2. The expansion device according to claim 1, characterized in that, The buckle hole has a locking surface. When the buckle is in the first position, a portion of the buckle is close to the locking surface. When the buckle is in the second position, a portion of the buckle is away from the locking surface.
3. The expansion device according to claim 1, characterized in that, The rotating component is a turntable, and the linkage includes a connecting rod. The two ends of the connecting rod are respectively pivotally connected to the turntable and the latching component. When the operating component drives the rotating component to rotate, the rotating component drives the connecting rod, causing the connecting rod to move the latching component from the first position to the second position.
4. The expansion device according to claim 1, characterized in that, The disassembly and assembly mechanism further includes an ejector that is movably inserted through a hole in the housing.

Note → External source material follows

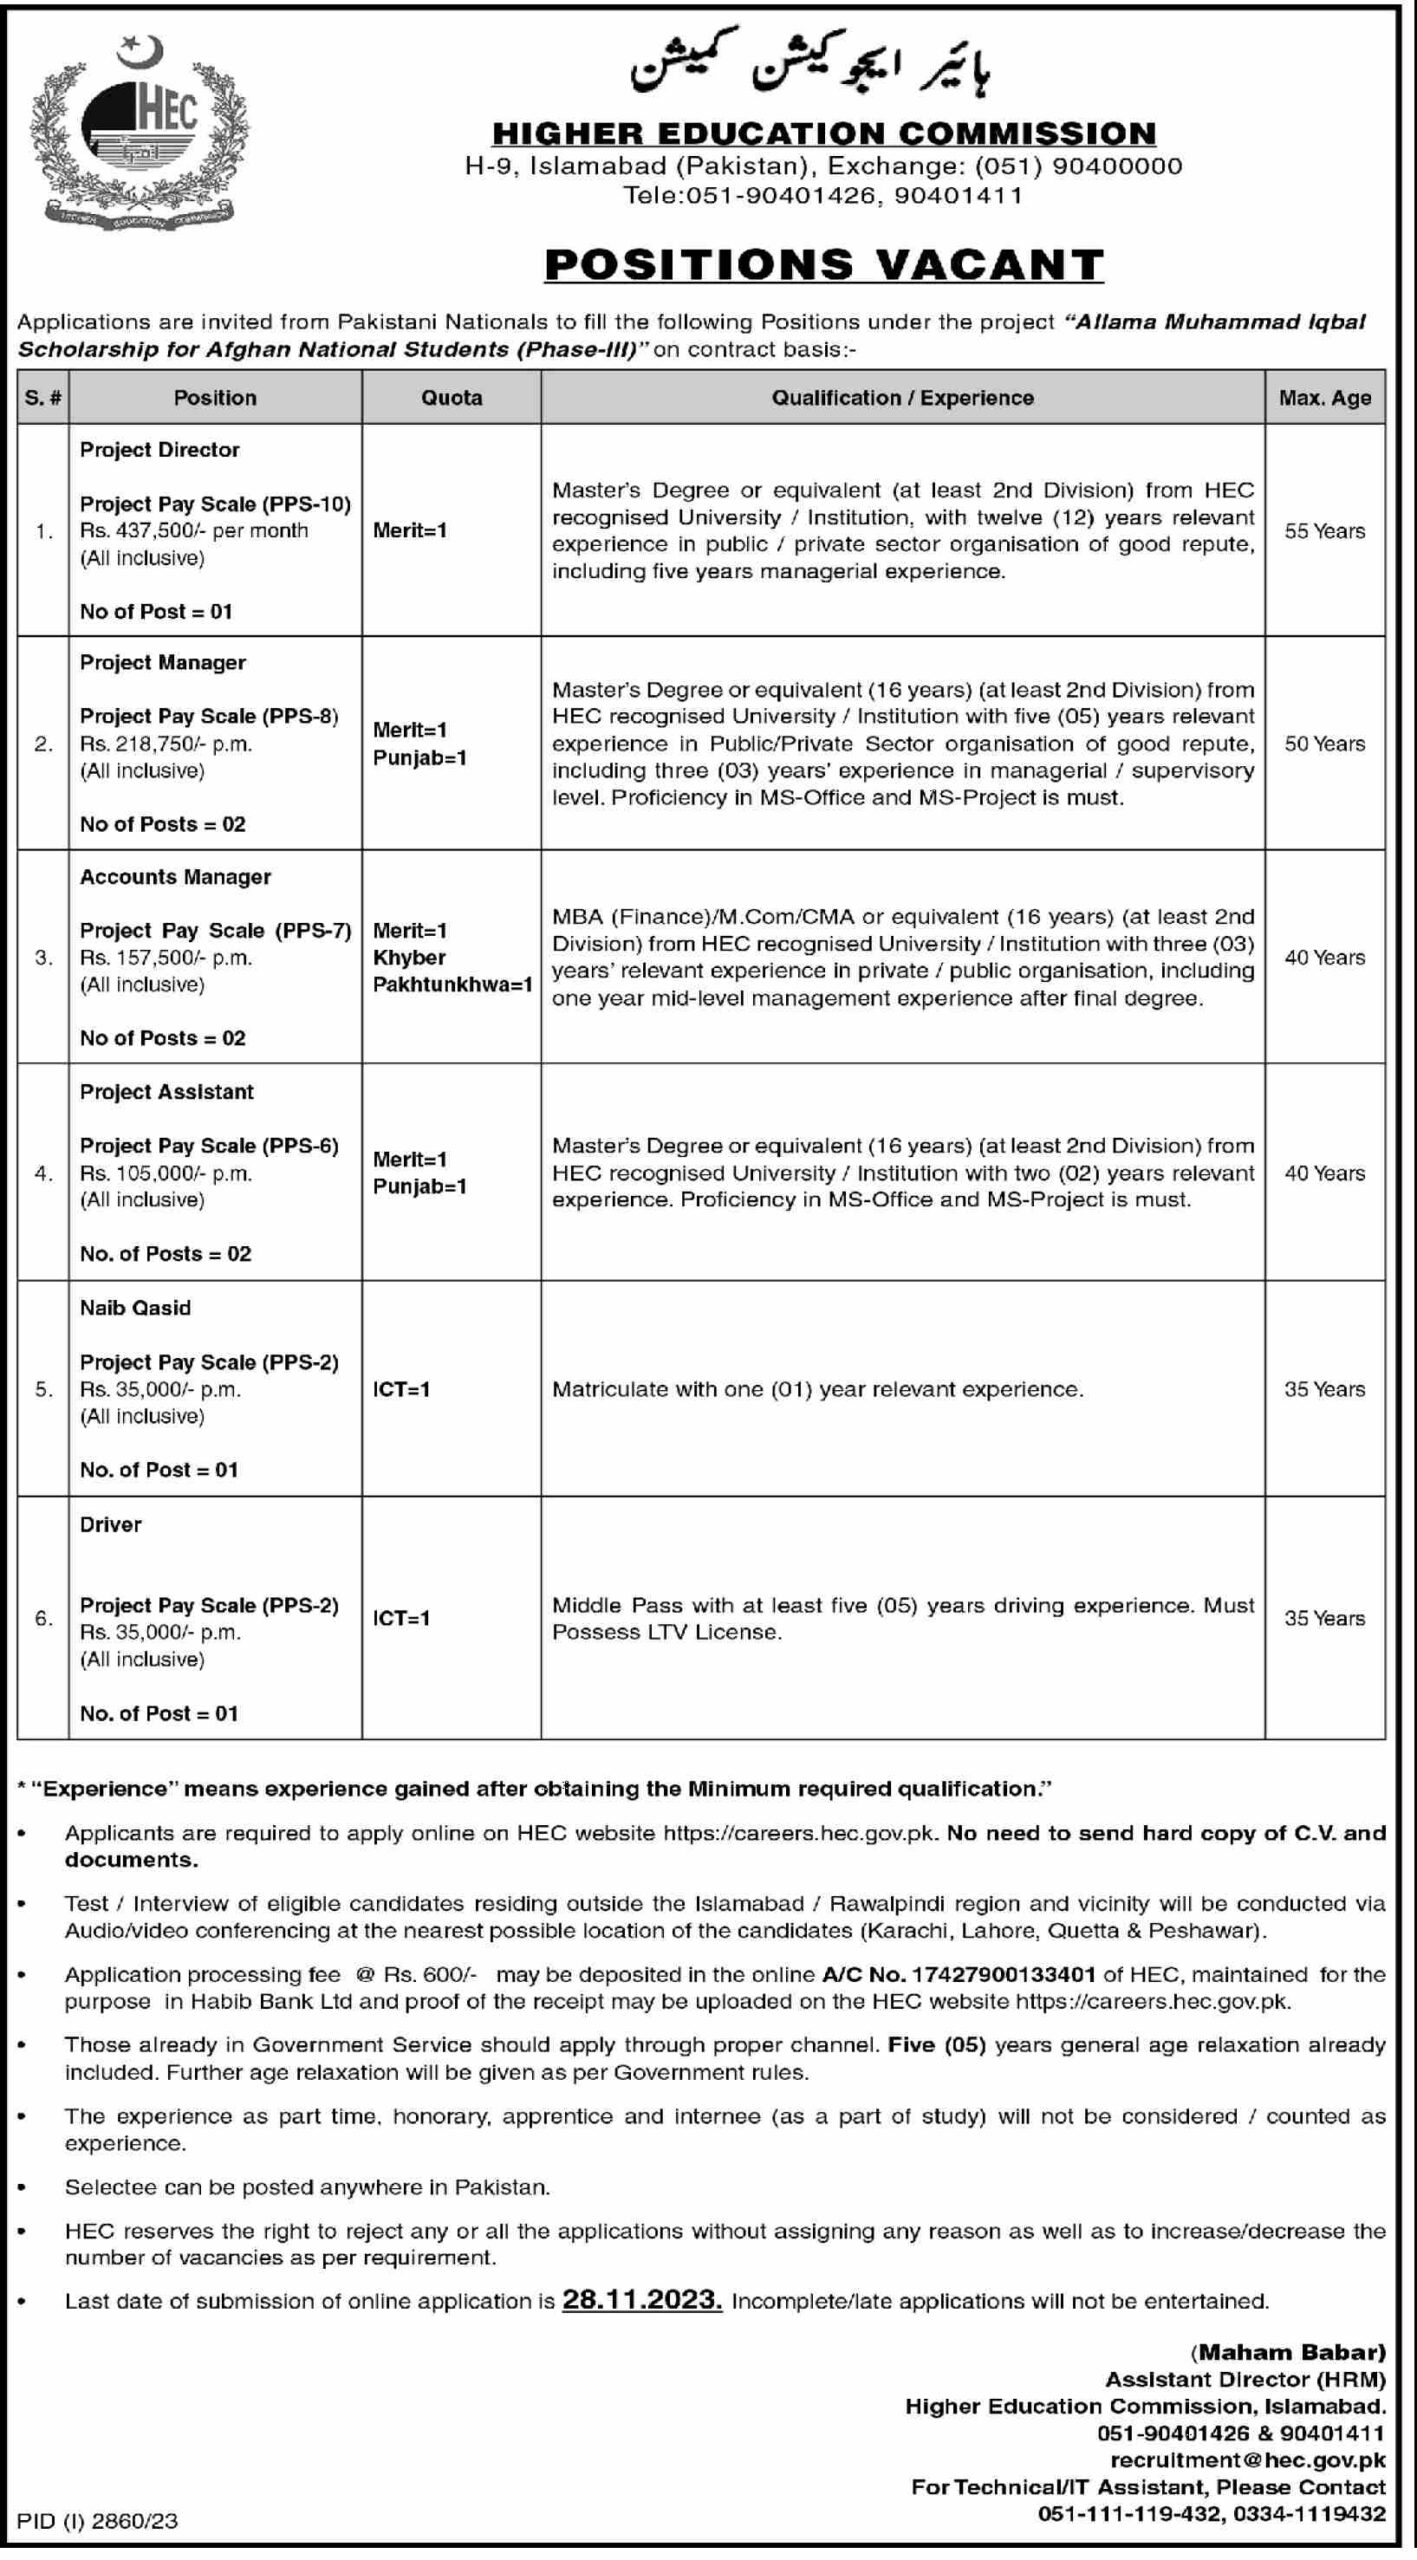 HEC Higher Education Commission Islamabad Jobs Project Manager Director Assistant Accounts

The housing further includes a cantilever base, and an elastic member connects the ejector and the cantilever base.
5. The expansion device according to claim 1, characterized in that, The transmission assembly further includes a lever arm fixed between the thrust rod and the rotating member.
6. The expansion device according to claim 1, characterized in that, The disassembly and assembly mechanism further includes a torsion spring, which is fixed between the rotating component and the housing.
7. The expansion device according to claim 1, characterized in that, The transmission assembly further includes a thrust rod connected between the operating member and the rotating member. The operating member drives the thrust rod, causing the thrust rod to move in conjunction with the rotating member, the connecting member, and the latching member. The operating member is adapted to move between an initial position and an operating position, and the latching member is adapted to move between a first position and a second position. When the operating member moves from the initial position to the operating position, the operating member drives the transmission assembly to move, and the latching member moves from the first position to the second position. The latching hole has an engaging surface. When the latching member is in the first position, a portion of the latching member approaches the engaging surface; when the latching member is in the second position, a portion of the latching member... Partially away from the engaging surface; the rotating component is a turntable, the connecting component includes a connecting rod, the two ends of the connecting rod are respectively pivotally connected to the turntable and the latching component, when the operating component drives the rotating component to rotate, the rotating component drives the connecting rod, causing the connecting rod to drive the latching component to move from the first position to the second position; the disassembly and assembly mechanism further includes an ejector, the ejector is movably inserted through a through hole in the housing, the housing further includes a cantilever seat, and an elastic element is connected between the ejector and the cantilever seat; the transmission assembly further includes a lever, the lever is fixed between the push rod and the turntable; the disassembly and assembly mechanism further includes a torsion spring, the torsion spring is fixed between the turntable and the housing.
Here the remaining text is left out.